Lawrence of Arabia

He was responsible for the death of one of history's most remarkable personages: Lawrence of Arabia. No wonder he looked so unhappy, that red-faced old man avoiding my gaze from inside the pages of the National Geographic, some decades earlier the young boy Lawrence fatally swerved to avoid – a scene recreated for the opening of the film.

I had a similar expression on my face as I flipped through another magazine recently, Entertainment Weekly, which named Peter O'Toole's portrayal of Lawrence the greatest performance ever committed to film.

My facial muscles only fully relaxed after a hasty umpteenth viewing of this 1962 classic, after which I was able to reach a compromise with the magazine's editors: O'Toole's Lawrence is the greatest debutperformance ever committed to film.

What strikes you about O'Toole's Lawrence is the actor's innate sense of how to act for the camera. O'Toole was able to instantly recognize his visual assets and make maximum use of them: the ice blue eyes, the skeletal angularity, the fey fire within.

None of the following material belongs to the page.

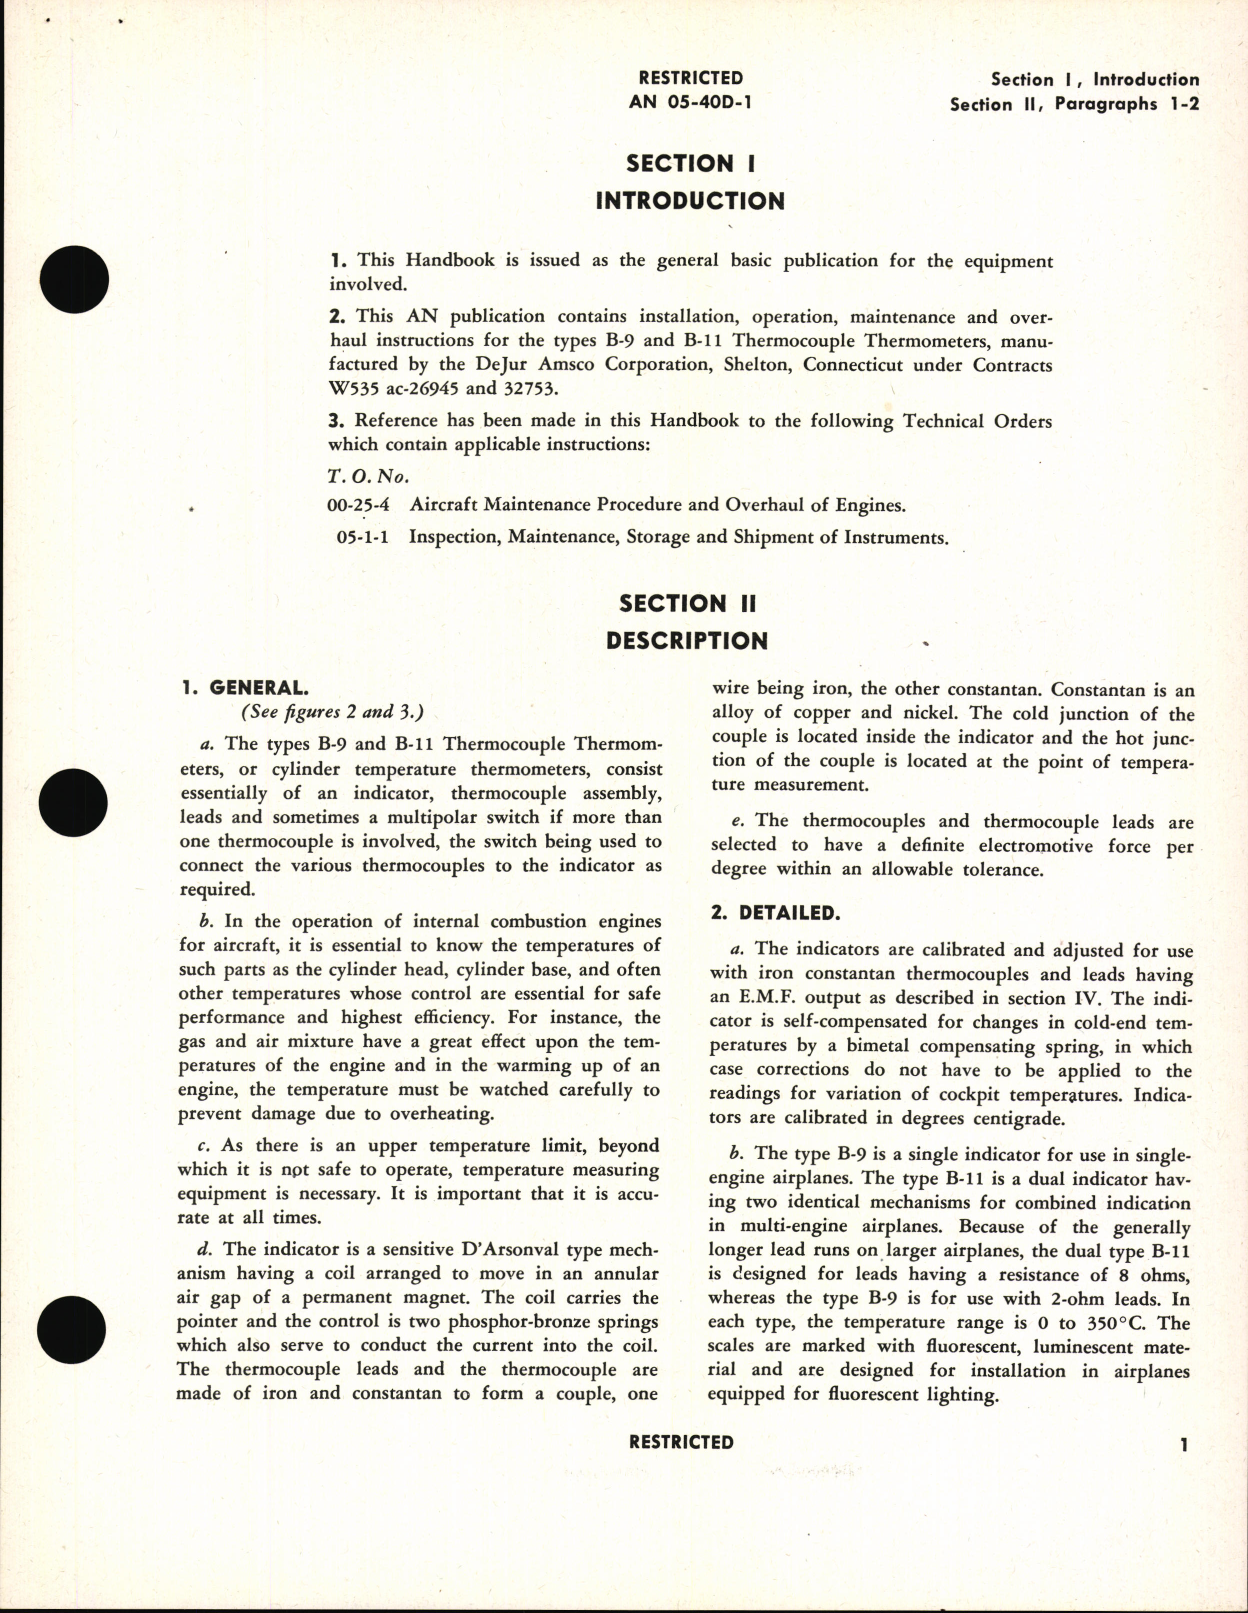 Sample page 7 from AirCorps Library document: Handbook of Instructions with Parts Catalog for Types B-9 and B-11 Thermocouple Thermometers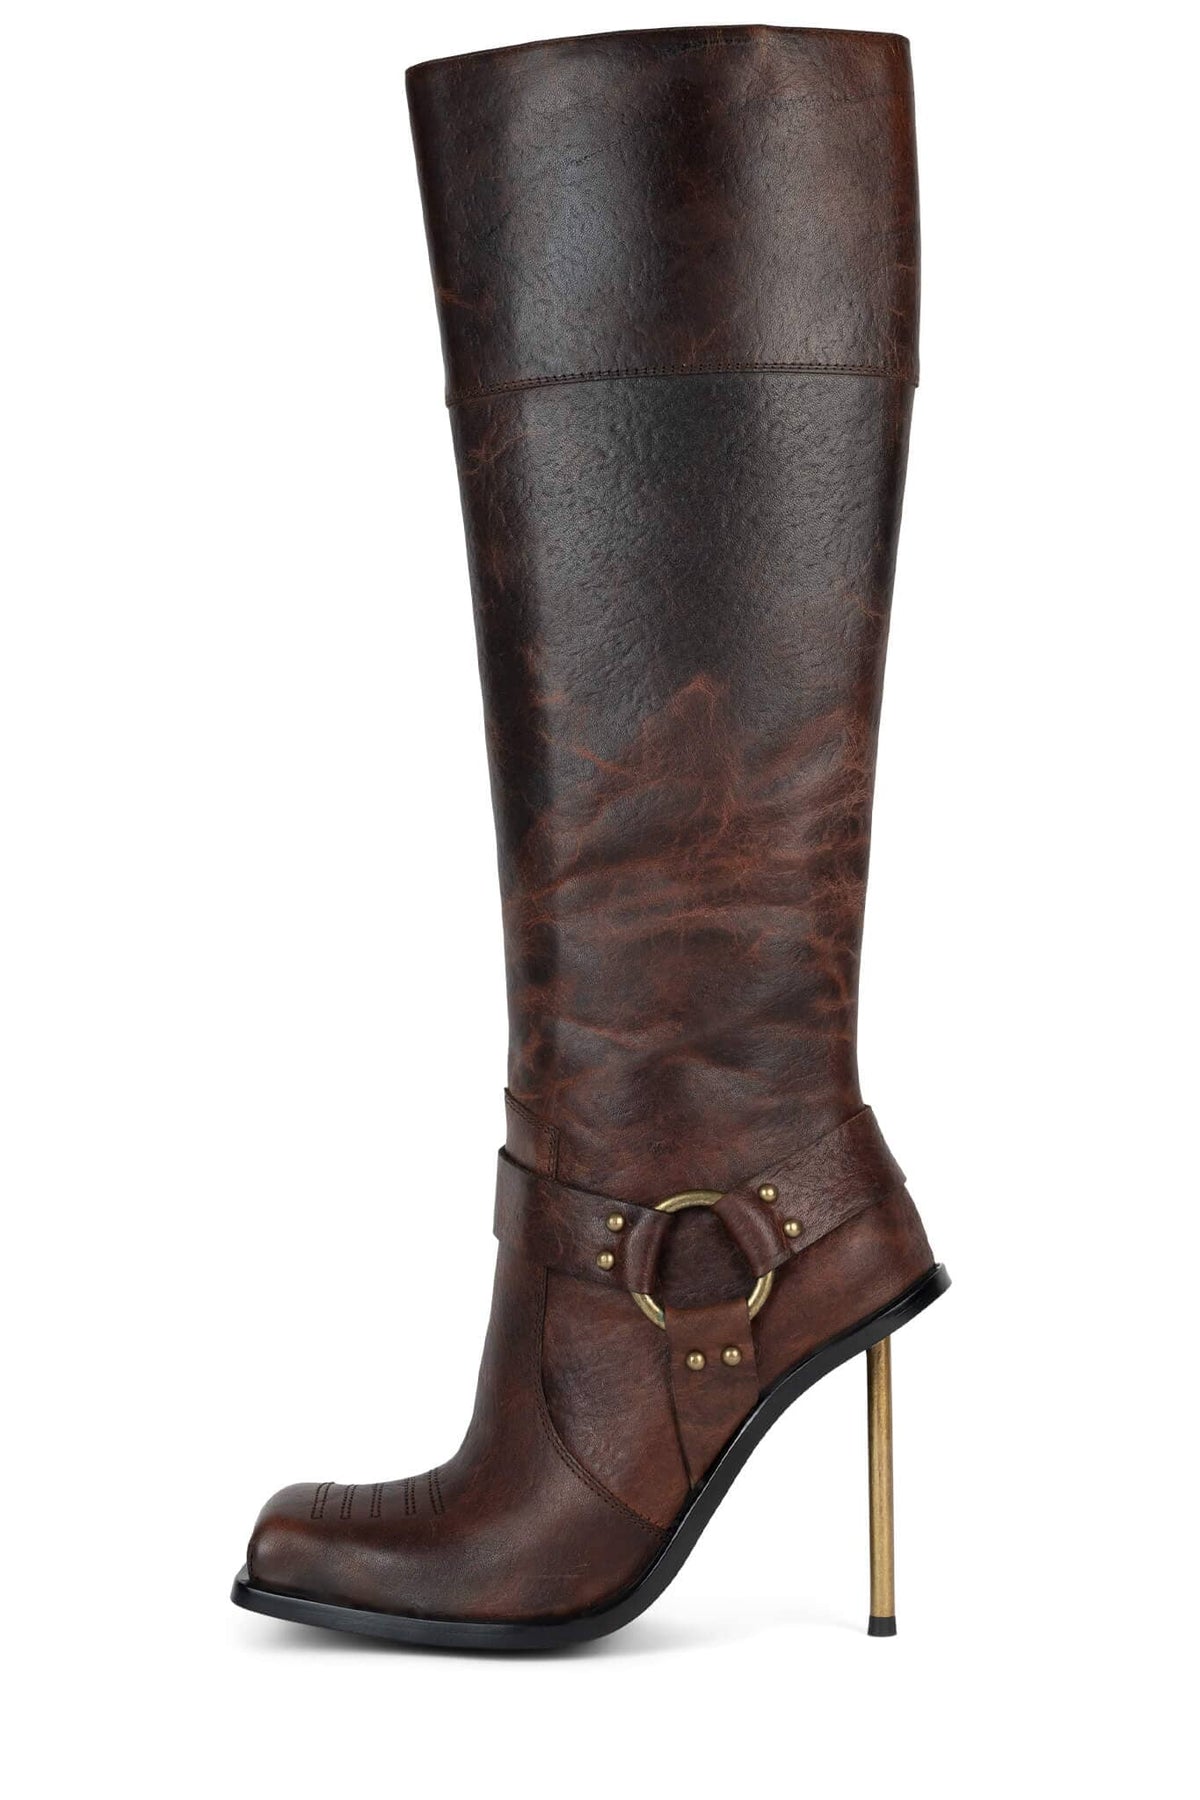 ADVENTURE Jeffrey Campbell High Heeled Boots Brown Distressed Gold

Using these tools, O'Toole is able, for all of the literacy of Robert Bolt's screenplay and the supreme craftsmanship of David Lean's direction, to give the film its only true weight: the eternal struggle of Man and Superman; Lawrence's realization of his mortality in spite of his Godlike grasp.

It's all the more remarkable that O'Toole is so able, throughout the film, to suggest Lawrence's complicated inner life when he is forced to act within the confines of an epic, a form made up largely of wide and medium shots; even the close-ups usually push the central figure to the right or left of frame in order to accommodate as much scenery as possible.

Then, of course, there is his use of language; like all great actors, O'Toole instinctively defies expectation, going with the soft where most would go hard, setting himself roaring when most would whisper.

He is surrounded by actors with far more film experience, yet none of their styles fit the medium as perfectly as his – not Anthony Quayle's plain-faced frustration, Donald Wolfitt's old school blustering, Claude Raines' scene-stealing underplaying, Alec Guinness' pointed dreaminess, Anthony Quinn's coarse clowning, or Arthur Kennedy's broad, American posturing.

Yes, it's a truly great performance. But God's gift to screen acting? No. Calling it that is simply further proof, as Lawrence himself discovered, that Gods aren't what they're cracked up to be.